On the eve of a political dissident’s trial he is murdered by means of a rusty sickle, left at the scene. Is it a political crime? A crime of passion? Or perhaps a random act of violence which does not occur in the Soviet state… It is assigned to Inspector Porfiry Petrovich Rostnikov to investigate. But, where to begin… well it doesn’t take long for the hammer to drop and now there are two murders on his plate.

This is the first in the Inspector Rostnikov series and I found it to be quite the experience. I felt myself really drawn into the city and its people. The story is peppered with both the broad brush strokes of scenic narrative as well as the pinpoint vignettes of interactions which make the story come to life. For example in a simple act of questioning witnesses we see the psyche of the average muscovite.

“He was a foreigner?” tried Karpo.

“Yes,” went on the old man, “definitely a foreigner, English or American, he…”

“Did he speak?” tried Karpo.

“I…I…,” stammered the old man, anxious to please.

“No,” said the son, hugging the blanket over his vulnerable legs. “He said nothing.
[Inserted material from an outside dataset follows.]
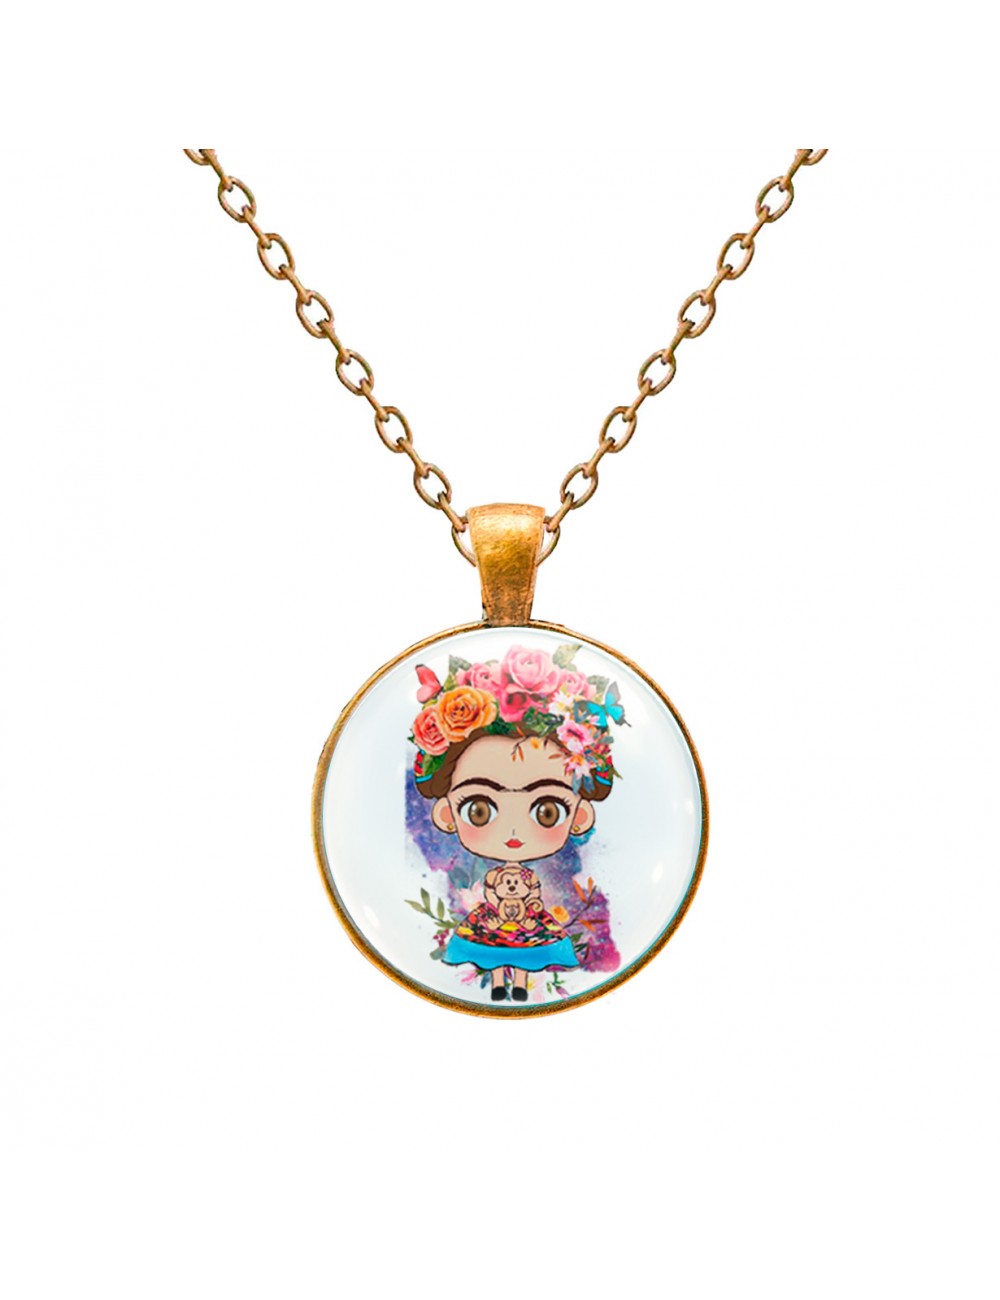 Collar Frida Kahlo 19,900.00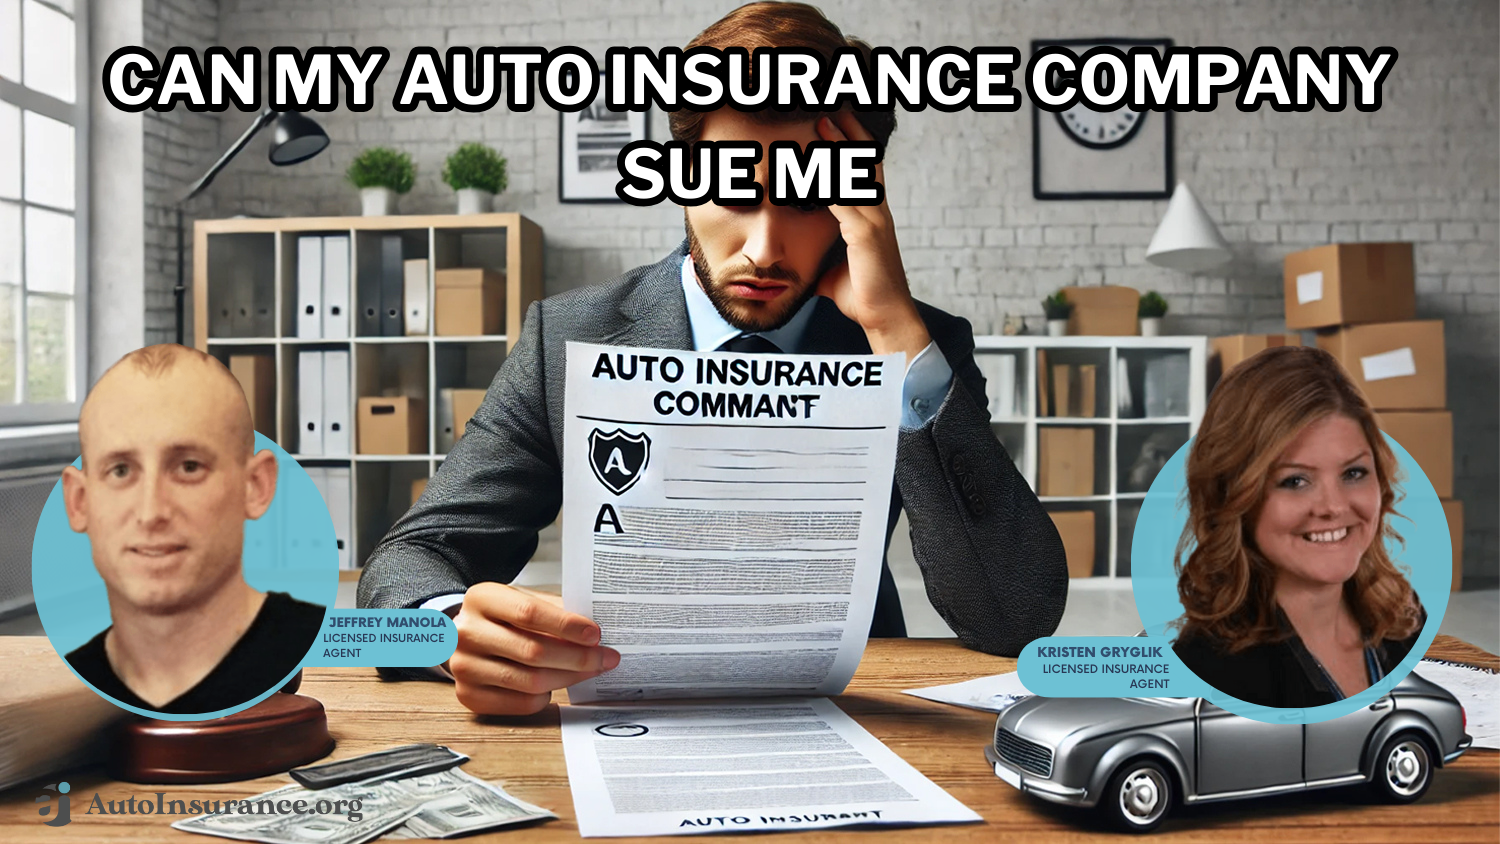 Can my auto insurance company sue me?

He just ran down Petro Street.”

Pytor Roshkov had decided to fix his eyes on the fascinating painting on the wall of the first meeting of the Presidium.

“Then you don’t know if he was a foreigner,” Karpo continued.

“No,” said the son.

“Yes,” said the father.

“If you would try less hard to please me and harder to simply tell the truth, you will get out of here much faster and back to your home or work,” Karpo said.

You can feel the weariness of exasperation coming through Inspector Karpo. The way Kaminsky just drops these little interactions through the novel makes this story so immersive. I really had the feeling of being transported to another time and place.

I am very much looking forward to the next book in this series “A Black Knight in Red Square”

“Though there are rules and regulations, restrictions and requirements, it is no easier in Moscow to find a killer or a saint than it is in New York, Tokyo, or Rome. If the world does not know this, the police do, and so they learn to value patience and good shoes.”